I was twelve years old in 1969. In the spring of that year I had a horrifying and life defining experience. I woke up in the early dawn hours in a cold sweat screaming from a nightmare, something previously unusual for me. Over the years the frequency and sense of 'realness' of the dream has only intensified. I no longer think of this as a dream, although it still awakens me at times, but as a memory; an experience that is more real to me than many from this lifetime.

The dream never changes in any substantial way. Minor clarifications have occurred over the years, but these have merely filled in missing pieces as I remember and understand the experiences more fully.
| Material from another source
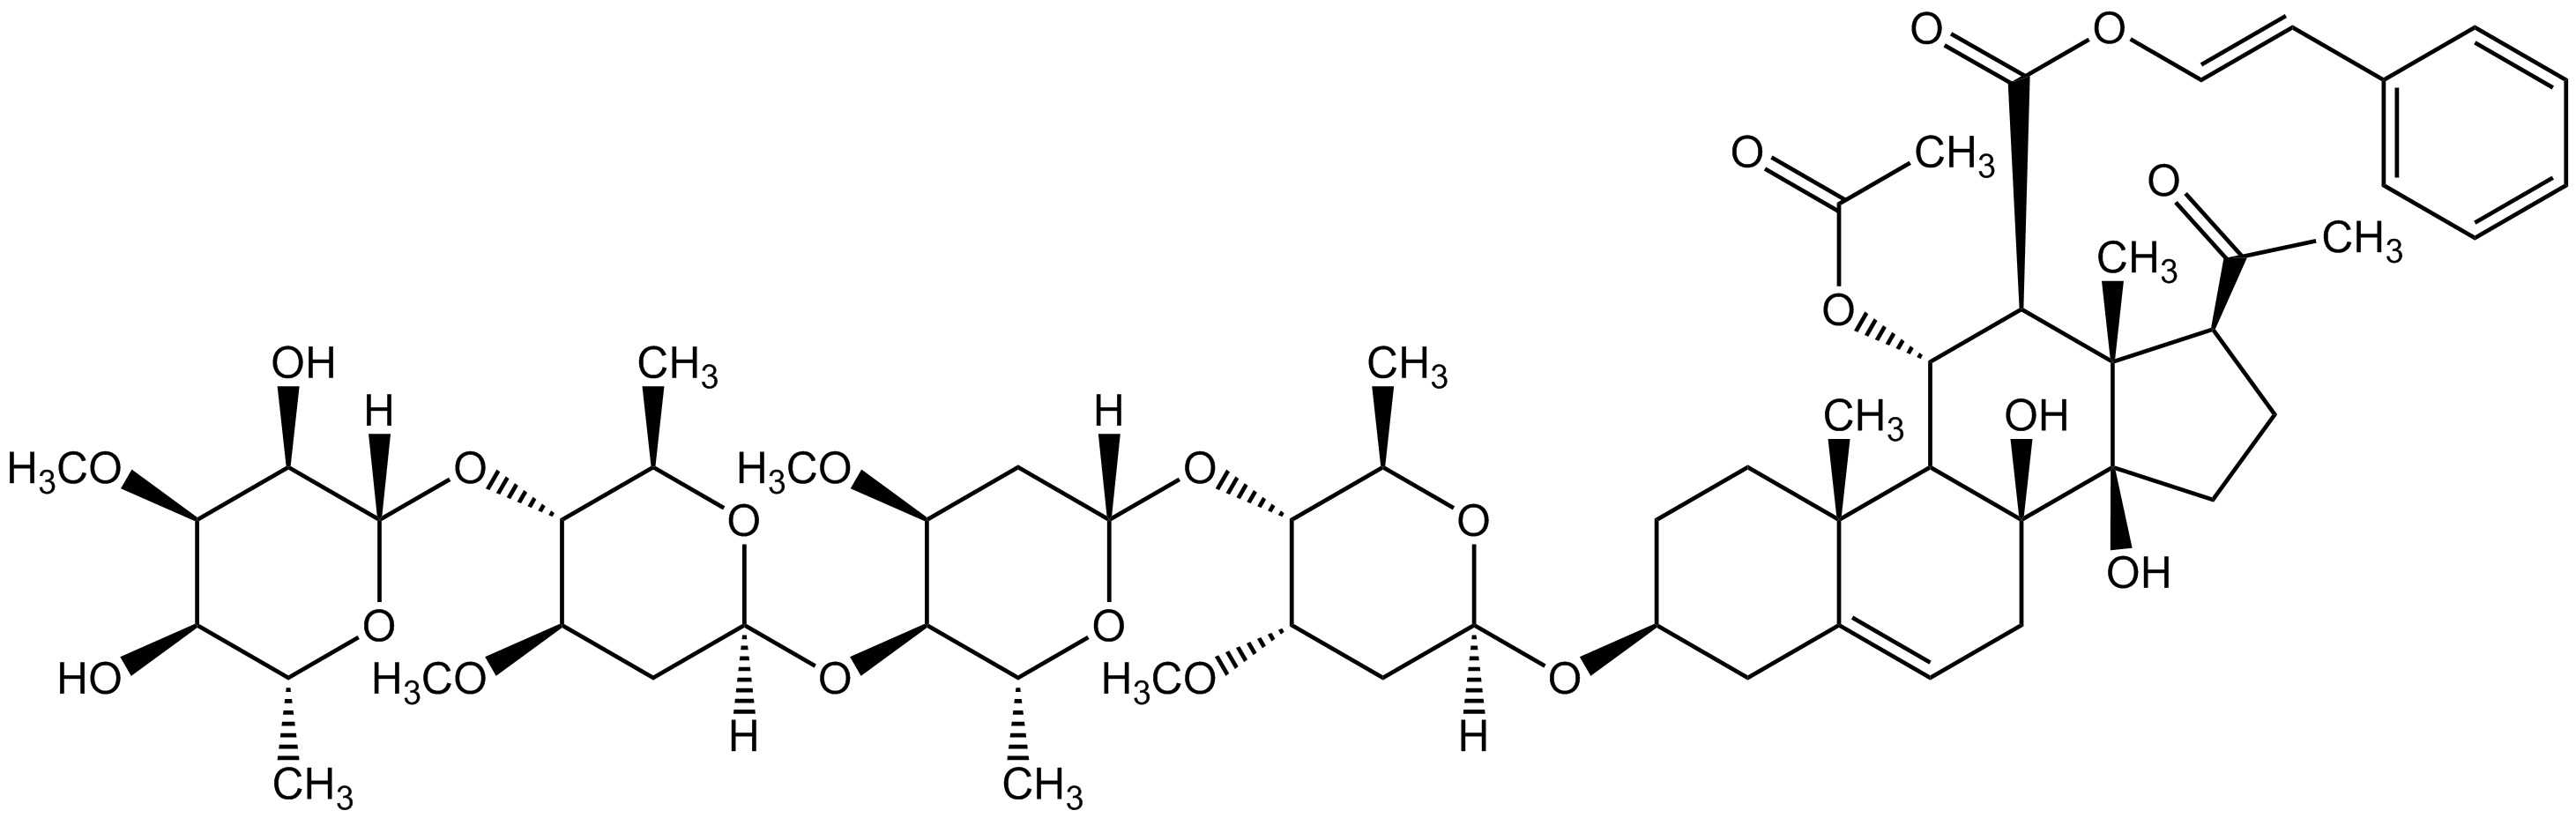 Condurango glycoside E2 phyproof® Reference Substance | PhytoLab

For instance, I recount hearing someone reciting Kaddish at one point. For the first several years all I understood was that this person was reciting comforting prayers. When I later heard the Mourner's Kaddish, I immediately recognized it and wept bitterly. The name of that prayer has been added to this telling.

If I tried to rewrite the dream from my childhood point of view, it would be less true to the experience than sharing it as it is now perceived. My recollections of these memories have developed gradually over the years. Here I seek to share these memories as they are experienced today. While I am presenting this material for your consideration, by pondering and retelling it my memory is jogged and I remember and understand the experiences more fully. Much still remains forgotten by me.
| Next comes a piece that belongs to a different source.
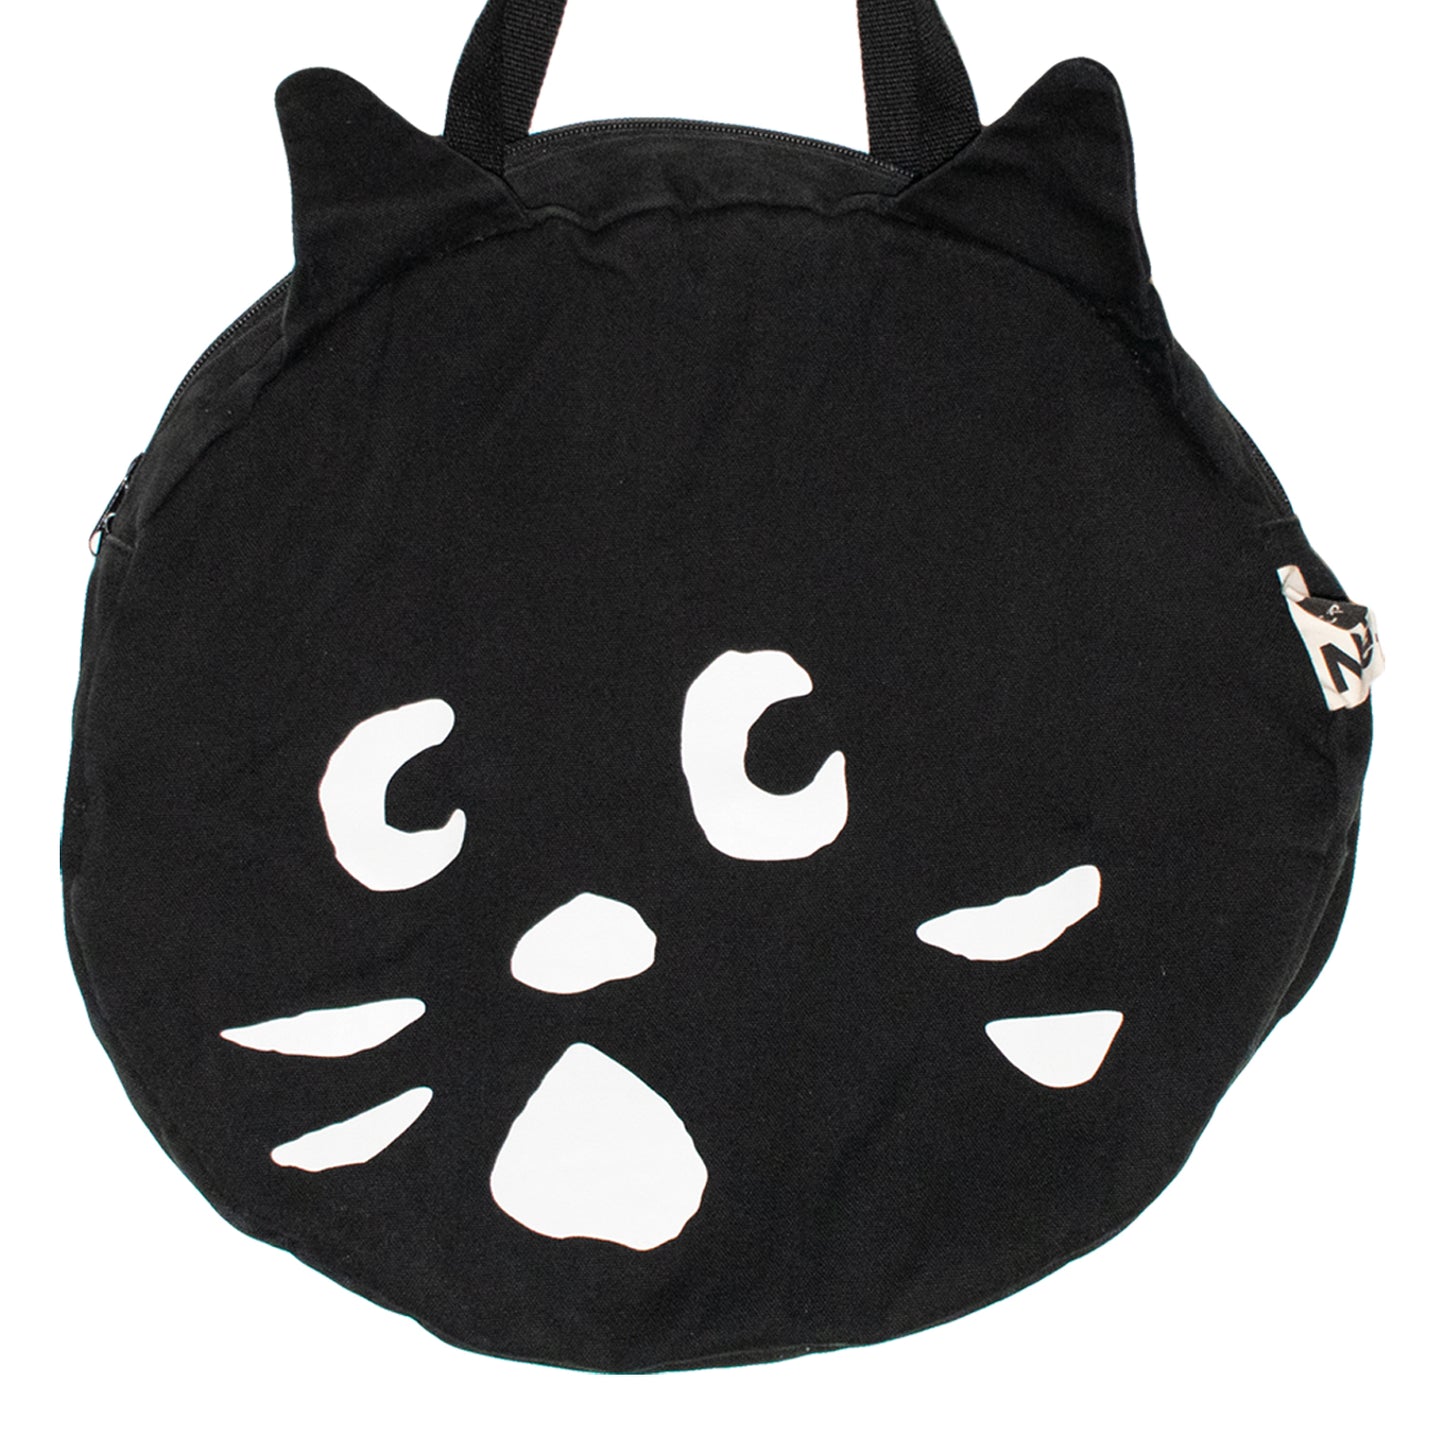 Né-Net Cat Tote Bag

The dream/memory takes place in two distinct segments. For a few years I thought these were separate dreams but have now come to understand that there is a point in the dream where I often wake up (frequently in a cold sweat and sometimes crying out, kicking and shouting in a language I am told "sounds German"). When I am able to return to sleep the dream often continues on from this point almost as though I had a pause button. At other times I recall mainly the second portion. In any case, following that point there is a clear time break in the dream. Practically all the events during this interval have been lost to my memory thus far. This telling began as notebook entries. Shortly after I began to use the internet in the 1990's I posted it to my Geocities site.
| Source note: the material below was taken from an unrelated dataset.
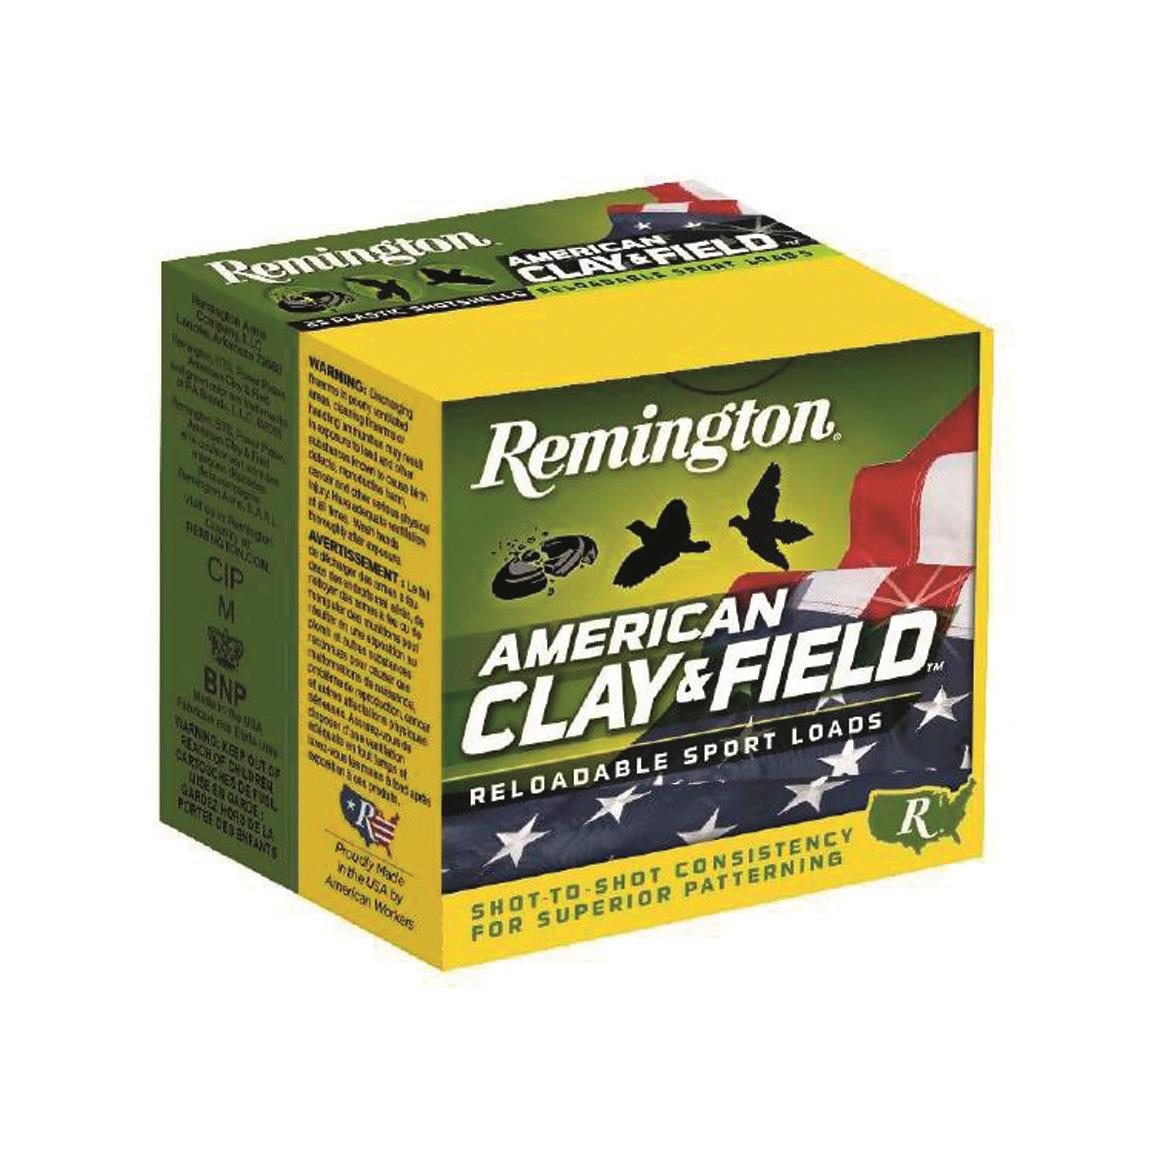 Remington American Clay & Field Sport Loads, 20 Gauge, 2 3/4" Shot Shells,  7/8 oz., 250 Rounds

If the following is "only a dream" I'm at a loss to explain why it has haunted me these 40 plus years, how so many elements have been shown accurate beyond my knowledge at the time I first began experiencing it, and why so many people who have heard or read this account affirm that it rings true for them. This includes several knowledgable rabbis I have shared it with. I present this retelling here therefore without further explanation or apology (although with an admittedly long preface). It is what it is:
My Lifelong Recurring Dream

Location uncertain, somewhere in Germany
      

It is very dark. I am alone, terrified. Stray beams of yellow tainted light filter in through slats of wallboard once covered with white stucco from a broken window near the bottom of the rickety wooden stairwell. The stench of urine permeates the hushed air. Piercing frigid air whistles in through the exposed slats running along the outside wall and mercilessly assaults my face. I want to keep my head covered under what was once a jacket, but the stench is too intense, whether mine or the jacket's I can not say. I must uncover my face and bear the assault of the urine-drenched stilettos of wind. We huddle on the wooden landing, wrapped in rags and ancient yellowed newspaper seeking the escape of unconscious oblivion. I am not alone, yet I am... utterly alone. It has been months since any of us experienced the simple bliss of a night's sleep. Each night we huddle together like mice on this landing hoping to renew our strength for the next day's tribulations and, most of all, to remain unnoticed.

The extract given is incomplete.